一口量を、習得するには手づかみ食べをしっかり経験する事が必要です!
そしていよいよかみかみです。咀嚼(そしゃく)といいます。
お肉はぎゅーーと歯やあごに力を入れてしっかりとかみかみ。
野菜はしゃりしゃりっと奥の歯ですりつぶすようにかみかみ
やわらかいものはベロで押しつぶすようにしたあと簡単にかみかみ
私たちは形状に合わせて、なんと柔軟に噛み方を変化させていけるのでしょう!それはまるで人と食べ物とのコミュニケーションです。
歯を使ってかみかみしていると出てくるのは「唾液」私たちはベロ(舌)を使って食べ物と唾液を上手に混ぜています。
唾液と混ぜることによってベロの「味蕾」という味を感じるセンサーに反応しやすくなります。そうして私たちは食べ物の味を「味わう」ことができるのです。
唾液、ちゃんとでますか?
3.もしもの困難
もしも・・・唾液が出なかったらどうなる?
➡️食べ物が水分を含まないので乾燥してパサパサになり、飲み込みやすい形態にまとめにくいです。効果的なマッサージがありますよ。(☆1)
もしも・・・お口を閉じる事ができず、そのまま食べたらどうなりますか?
➡お口から食べ物が出てきてしまいますね。これでは食べこぼしになりますね。お口を閉じるためにはお口周りの筋肉の働きが必要不可欠。そして鼻で呼吸する事が大切になります。鼻水かみましょうね。お口の周りの発達を促す遊びも、ありますよ。(☆2)
もしも・・・頬っぺたの力が入らなかったらどうなりますか?
➡ほっぺは柔らかい壁の役割をしていて、食べ物がうまく歯に乗るようにガードしてくれていますほっぺにチカラ入らないと歯に食べ物が乗らないので噛みにくいですよ~。
もしも舌が左右.に動かなかったら?
➡食べ物を左右に振り分けてくれる舌。歯から落ちるとキャッチして食べ物の塊りを作ってくれる舌。動かないと噛めないんですよー。

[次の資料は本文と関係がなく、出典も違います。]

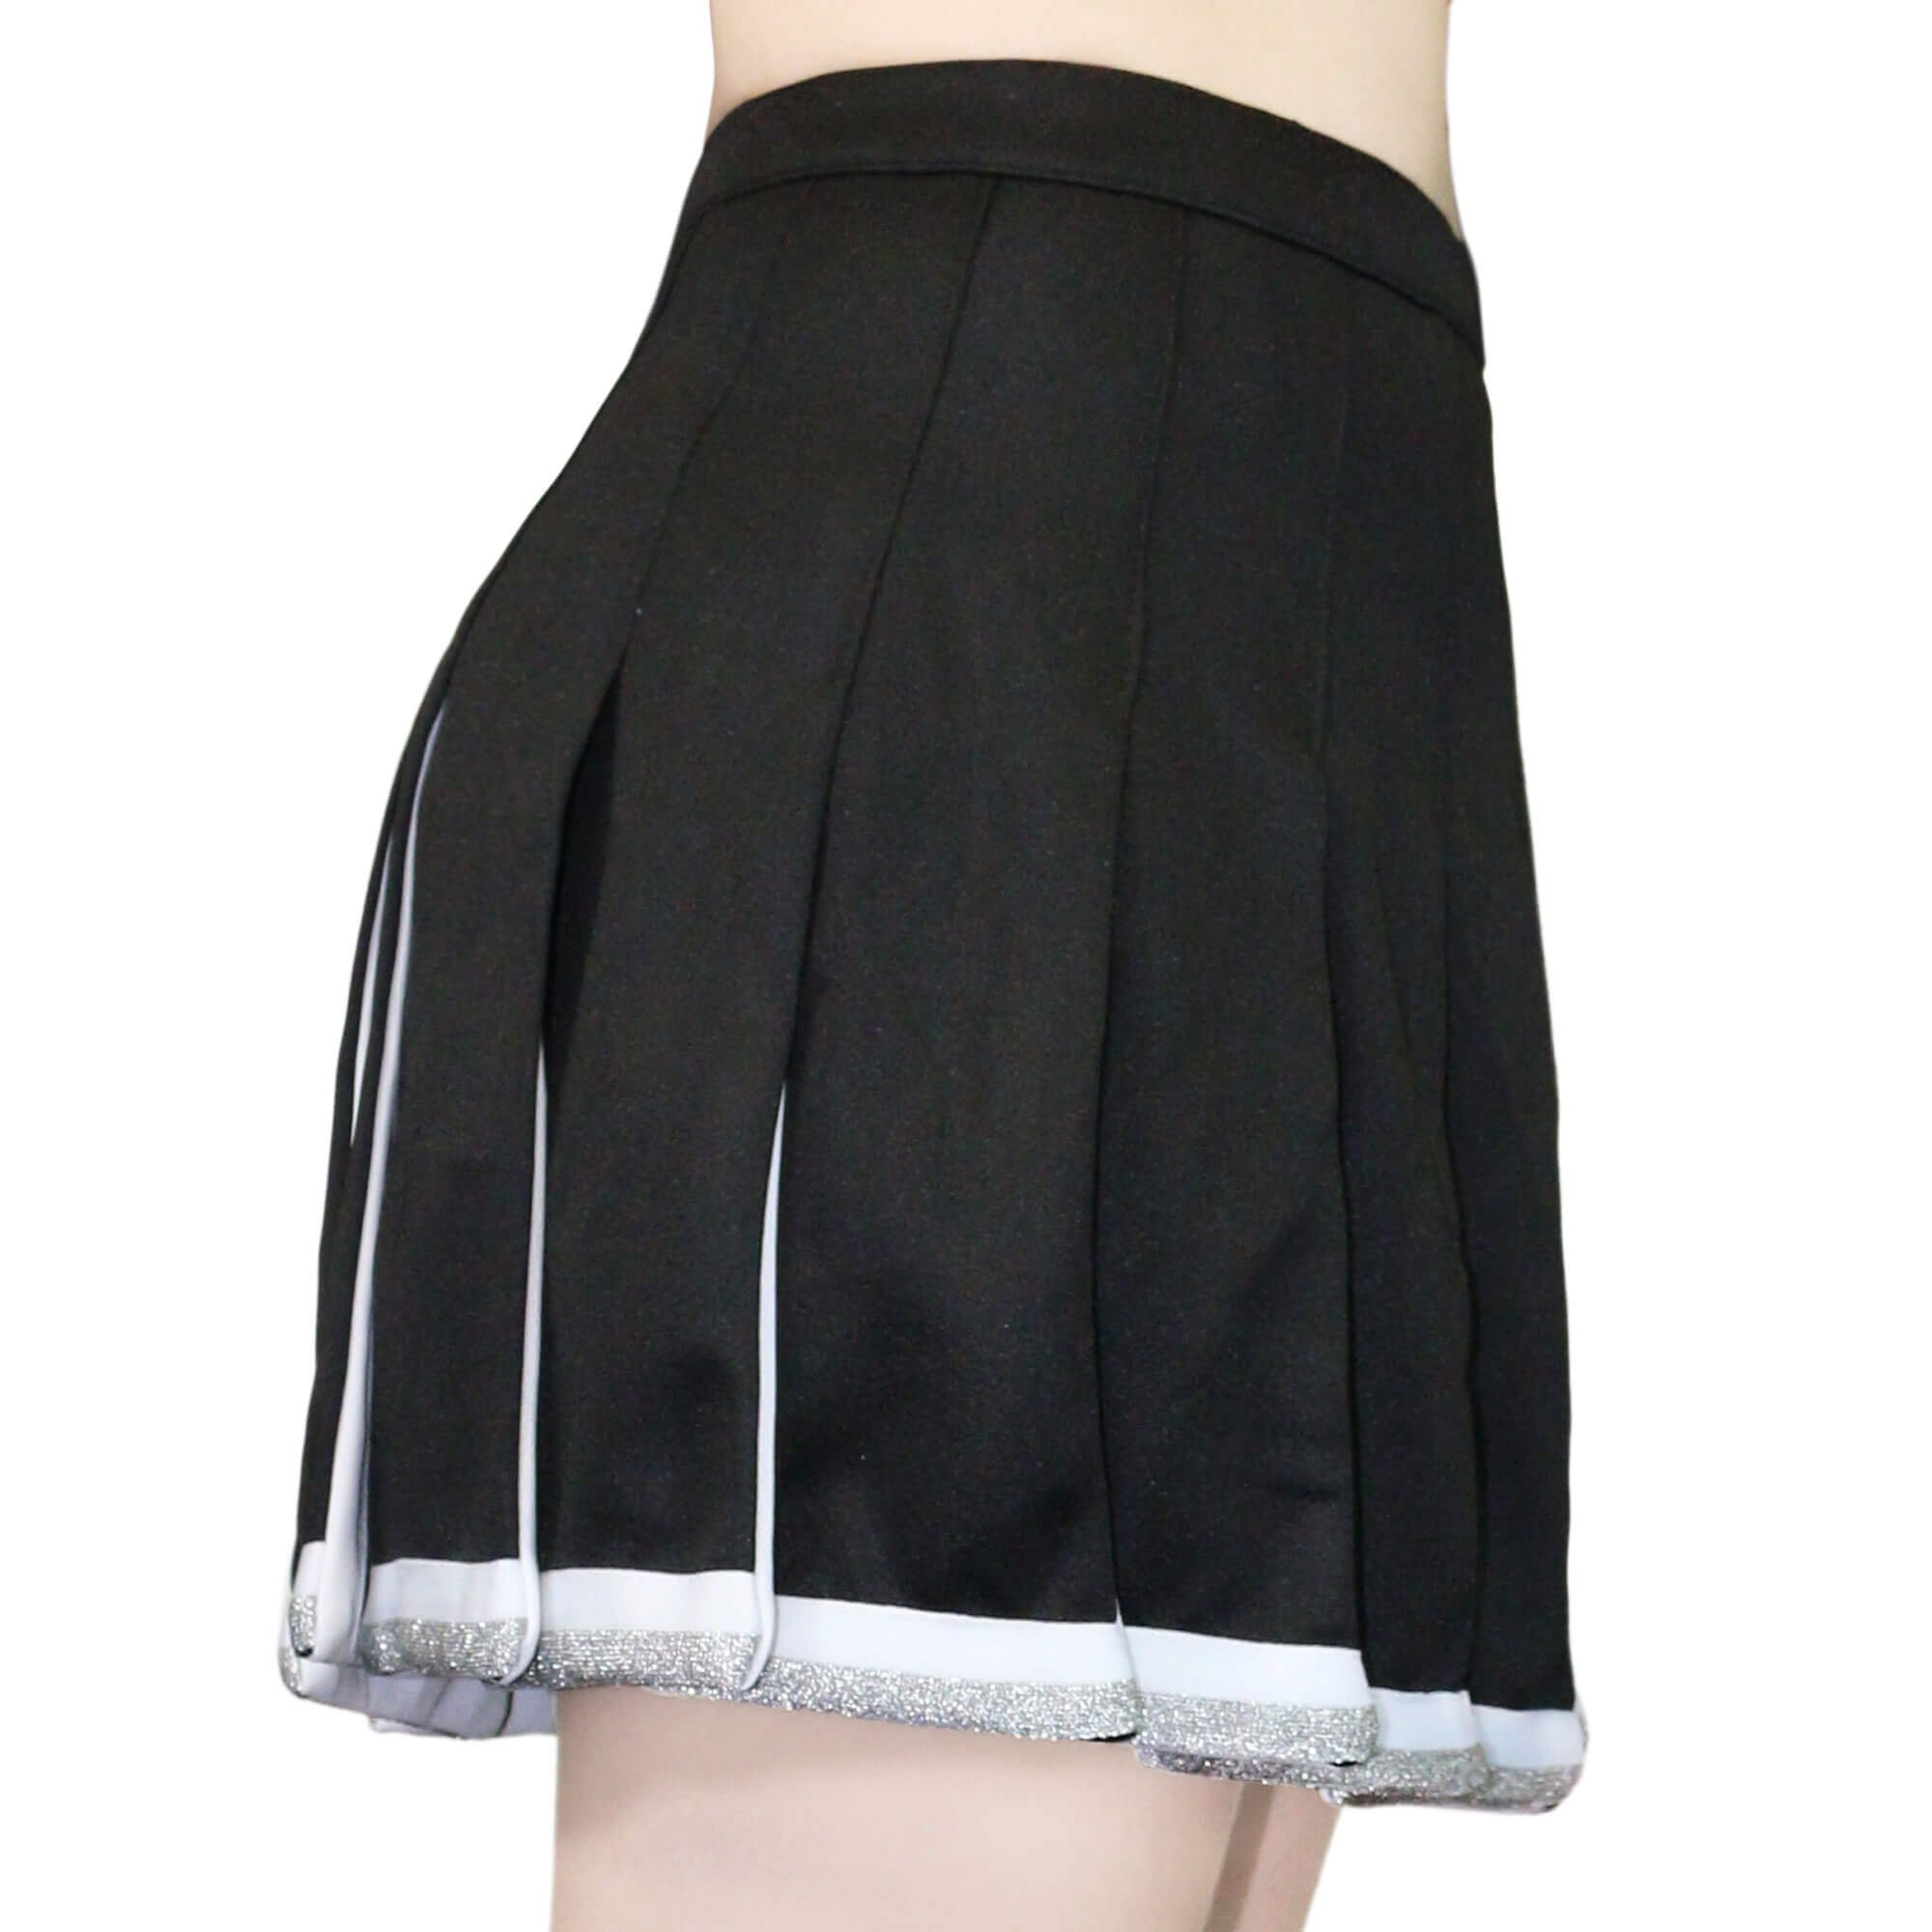 Danzcue Adult Cheerleading Pleated Skirt [DQCHS004A] - $28.49

この「もしも」が本当に起こってしまい、食べることに困難を抱える人がいるのです。小さいこども達の中にも、実はこの「もしも」が起こっているから、食べ物を噛めない子もいます。「頑張れー」という励ましや、「空腹になればたべるでしょ」という根性論だけでは、どうにもならない事もあるのです。その時のサポートの為に言語聴覚士は存在します。
☆マークのお話も今後詳しくしていきますね
4.咀嚼能力はいつごろから獲得するのか?
離乳食は、初期の段階から食べ物の固さに注目し、どろどろした形状から少しづつ固いものへとステップアップしていきます。
そして徐々に噛むことを習得していきます。離乳食後期9カ月頃をかみかみ期と呼んでいます。そのころから歯ぐきを使って噛むことができるようになります。
12カ月頃からを「パクパク期」とよび、噛む動作にバリエーションが出てきます。
前歯で噛みちぎり、歯茎でかみつぶす。
この一連の作業が完成してきます!
しかしこの噛む動作を十分に育てないままに普通食へ移行してしまうと「飲み込む」ことを優先してしまいます。噛む練習ではなく飲み込む練習になってしまいますね。その状態を「丸のみ」と呼びます。人間はのど越しを好む生き物らしく、のどを通るその感触は快刺激となり、癖になってしまいます。ですから、離乳食の後期「かみかみ期」から「パクパク期」は丁寧に充足させてあげる必要があります。
5.ありがとうを込めていただく
今回は少し説明が多かったですが大切な動作「噛む」ということをピックアップしてきました。噛むことは食べ物をいかに体に合わせて取り入れる事ができるのか、安全に健康を維持するための、人間に与えられた食べ物への敬意の動きだと思っています。
「あ り が と う ご ざ い ま す」
と3回唱えながら、噛んでみて下さい。
ちょうど30回になります。
私はこども達にこの魔法の合言葉を伝えています。
「30回噛む」は過去の研究で、平均的に人間が1番咀嚼処理しやすい回数だと結論つけられています。
「ありがとうございます」このことばとともに
味わい
健康
安全
を食べ物からいただきましょう。よく噛んでね。